L’horreur qui réfléchit (au sens, littéral, où elle serait fondée à dresser un miroir où lire tout ou partie de l’époque), cette horreur-là est un territoire désolé. Devant un tel champ de ruines, difficile de ne pas se réjouir un minimum de cette suite des aventures bouchères de Hostel, déclinaison assez habile de ses enjeux en même temps que gommage de ses plus intenables scories. La question aujourd’hui n’est pas tant de savoir si le film d’horreur a toujours les moyens, dans l’absolu, d’assumer sa fonction politique – il lui suffirait de bien vouloir s’élever jusqu’à elle. Le problème est qu’elle se pose au moment le plus platement maniériste du genre (on a beau chanter le retour en grâce du cinéma d’horreur, on attend toujours les films) : ce maniérisme-ci, un peu insipide, régurgitation feignante et normée pratiquée par la génération des vidéoclubs, est-il capable de penser à autre chose qu’aux référents auxquels il prête si plate allégeance ? En plus simple : maintenant que l’innocence est loin derrière, essorée, figée en grand cahier Panini où piocher à l’envi les idées qu’on n’a plus, dans ce contexte de reprise terne, peut-on encore, simplement, faire un grand film d’horreur politique ? En plus imagé : le karaoké est-il propice à la chanson à texte ?
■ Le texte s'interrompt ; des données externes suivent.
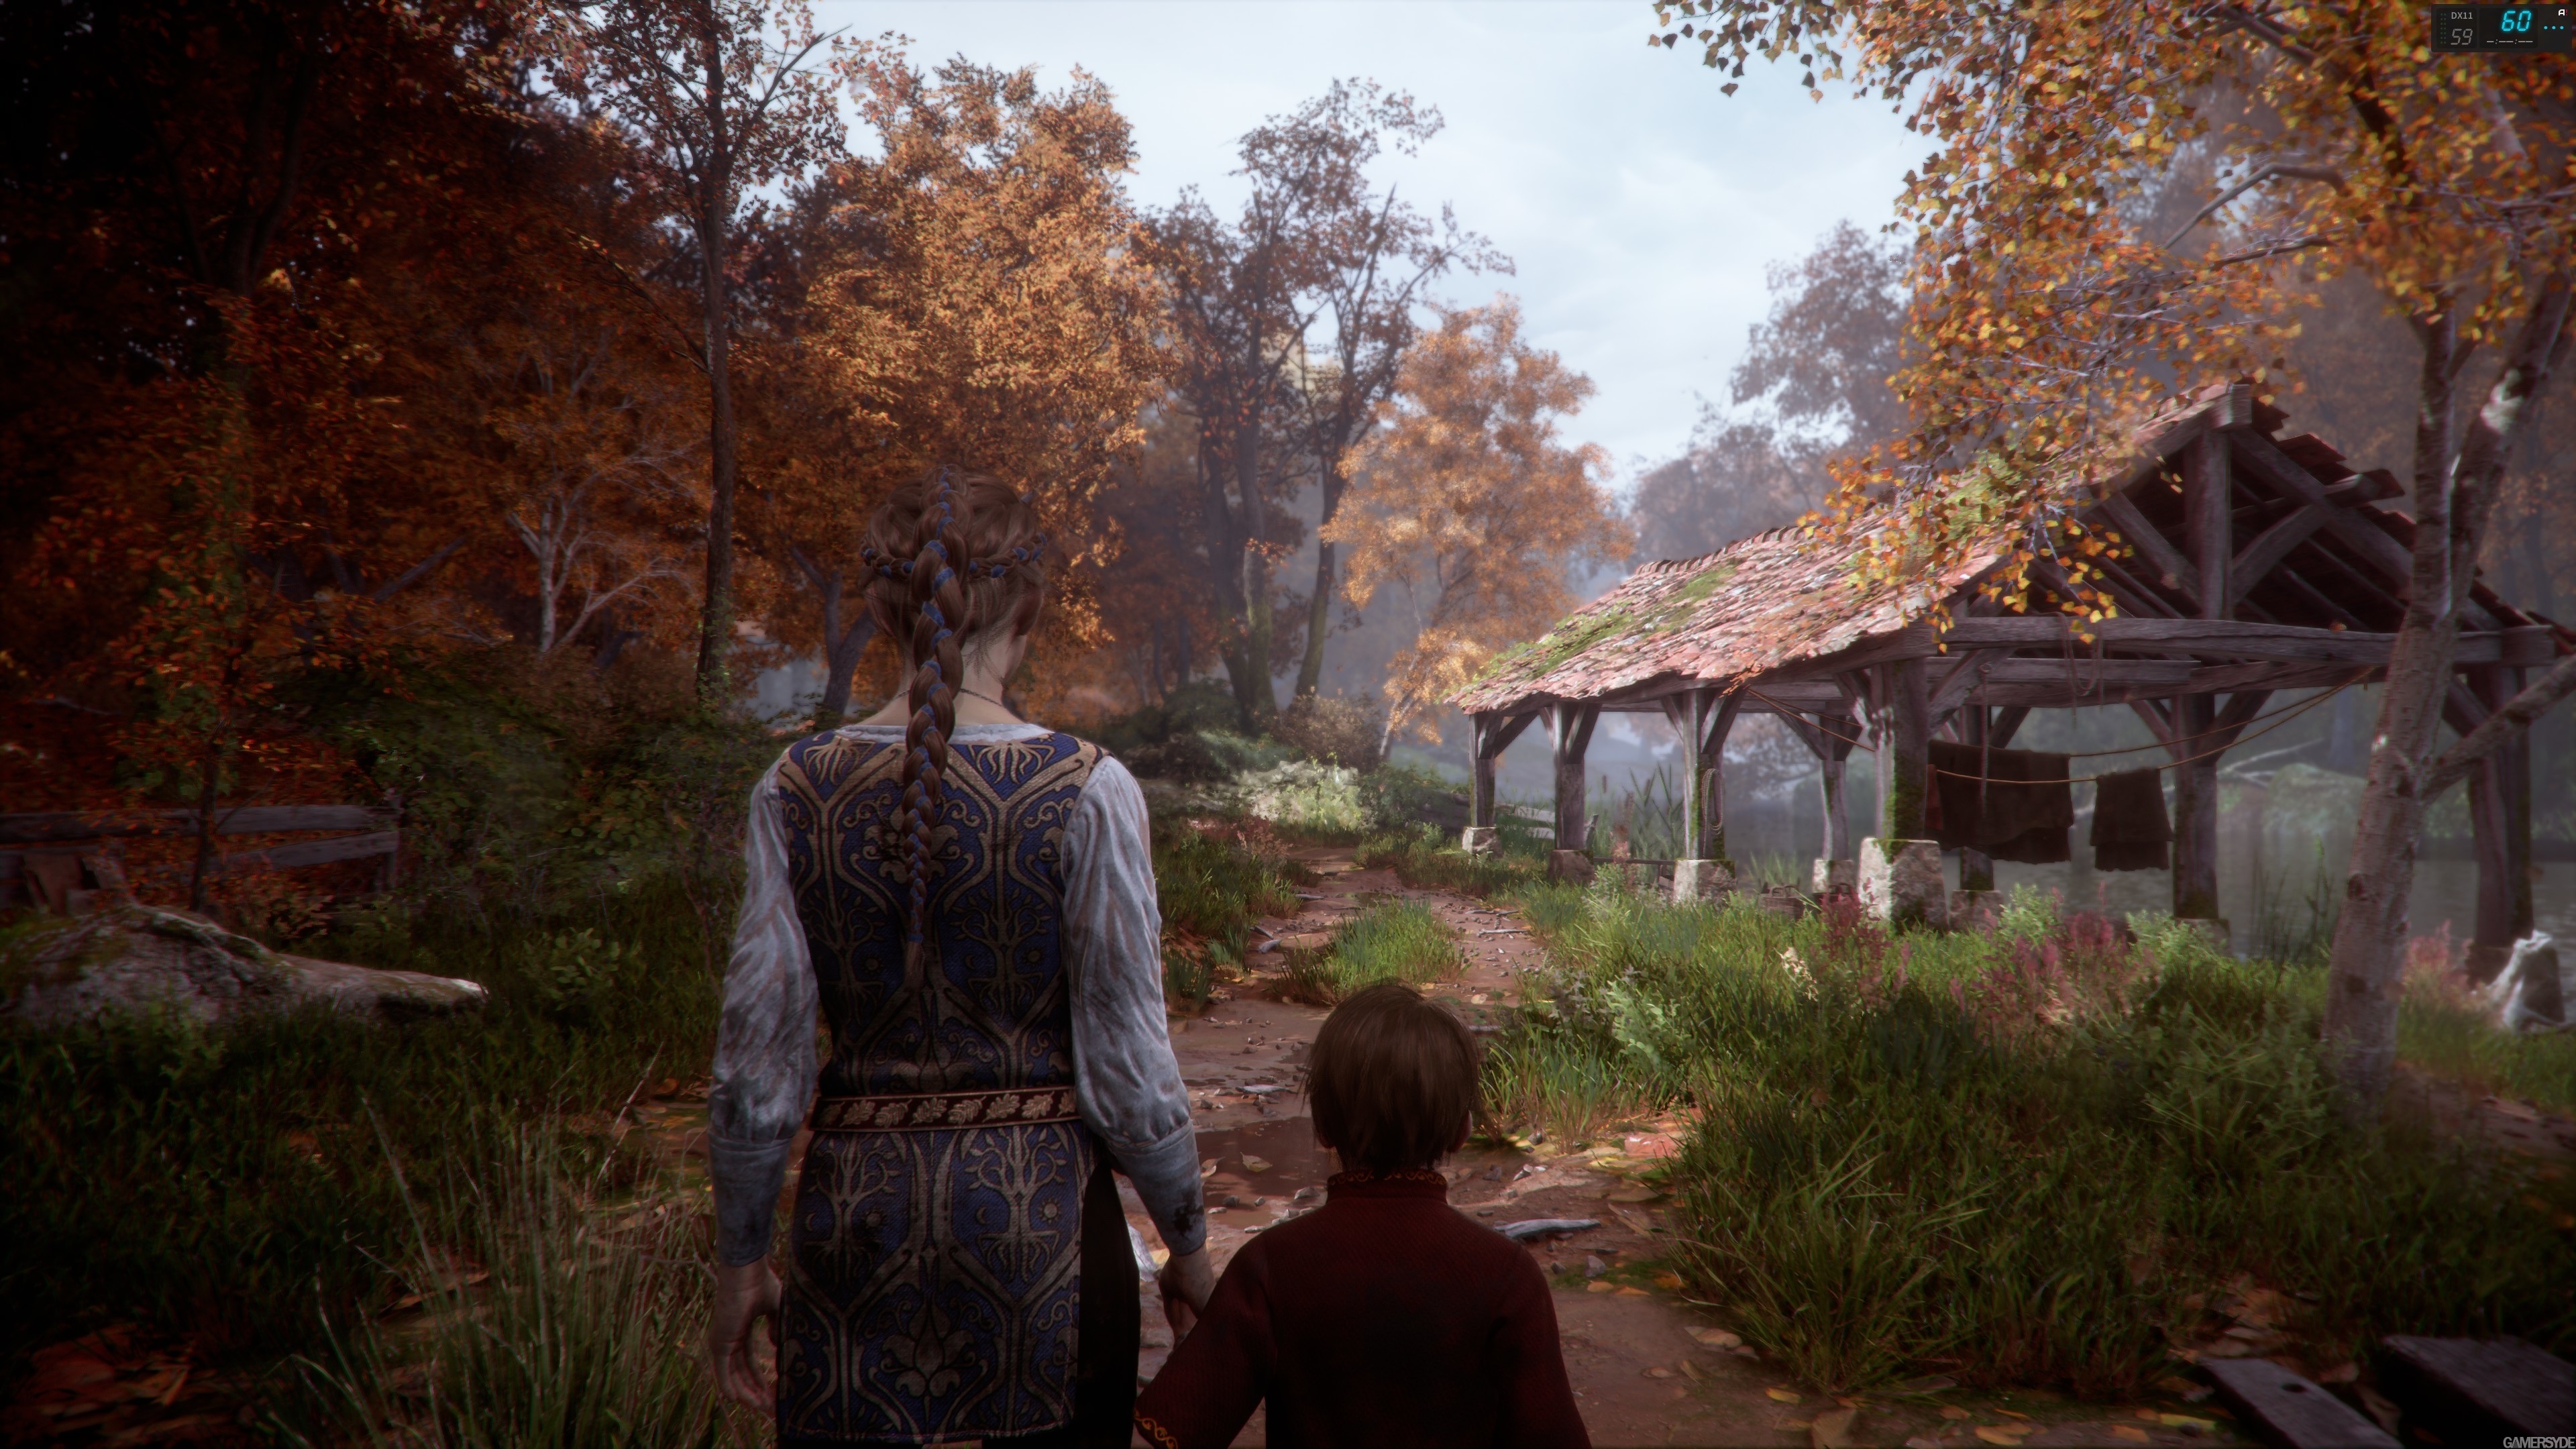 gamingladies — thewolfkissed: A Plague Tale: Innocence

Dans ce contexte, donc, Hostel avait constitué l’an dernier la plus saillante raison d’espérer en même temps que la déception la plus franche. Le film était d’abord le premier à être à peu près présentable, sur cette vaguelette néo-sadique lancée par le piteux Saw à même l’imaginaire Abu Ghraib, peau de chagrin contemporaine des velléités spéculatives du genre. Présentable parce que son sujet (capitalisme et mondialisation façon Salo nerd, les corps dans le système des objets) n’était pas complètement inintéressant. Présentable aussi parce que Roth, après un honnête Cabin fever tout à la gloire de ses modèles, y confirmait une maîtrise indéniable. La première partie du film, sa face teen movie avant la boucherie (la rupture même, d’ailleurs, était assez impressionnante), épatait par son sens du rythme, de la narration, du portrait. Et puis Roth fichait tout en l’air dans sa dernière demi-heure, trop con, comme si lui-même n’entendait rien au potentiel de son sujet, ultimement massacré dans un rire gras. Il n’y avait qu’à voir, après coup, Roth en plein tournage sur les bonus du DVD, hilare entre prothèses tartinées de rouge et figurantes à poil, pour se convaincre qu’entre l’Amerloque à casquette et Pasolini, il y a à peu près autant que, disons, d’Eddie Mitchell à Johnny Cash.
On n’attendait donc pas plus de cette séquelle (pour le brûlot sur la mondialisation, Roth avait loupé le coche), que la reconduction efficace de ce petit artisanat qui faisait le charme de la première moitié de Hostel. Et c’est là que se situe la bonne surprise, puisque c’est précisément en honorant ce contrat minimum avec un brio confirmé que Roth se rattrape, de façon inespérée, sur l’autre versant. L’idée est simple, mais bonne : travailler sur le quasi-remake du premier (toute la structure est à l’identique, à cette différence que les ados en goguette sont ici des filles), façon de repartir à zéro tout en se pliant à la norme actuelle des suites au pays de l’horreur. Sauf que Roth tire intelligemment avantage du fait que le spectateur avance en terrain connu : en bonus du summer tour des minettes, il offre la progression perpendiculaire des deux fringants golden boys par qui les filles seront émincées. Idée simple mais prolifique, installée à la faveur d’une séquence brillante où le portrait des filles fraîchement repérées échoue sur les blackberries de yuppies des quatre coins du globe. La pertinence, même modeste, d’un tel dispositif, excuse beaucoup de choses, et d’ailleurs il y en a plutôt moins à excuser que dans le premier volet (les gags nerds référencés, les cameos des stars transalpines de l’horreur qui tâche, tout cela est finalement assez digeste). Voilà, c’est tout, et c’est déjà pas mal, dans le désert sans bornes dont on parlait plus haut. Un (tout petit) peu rassurés, on attend la suite.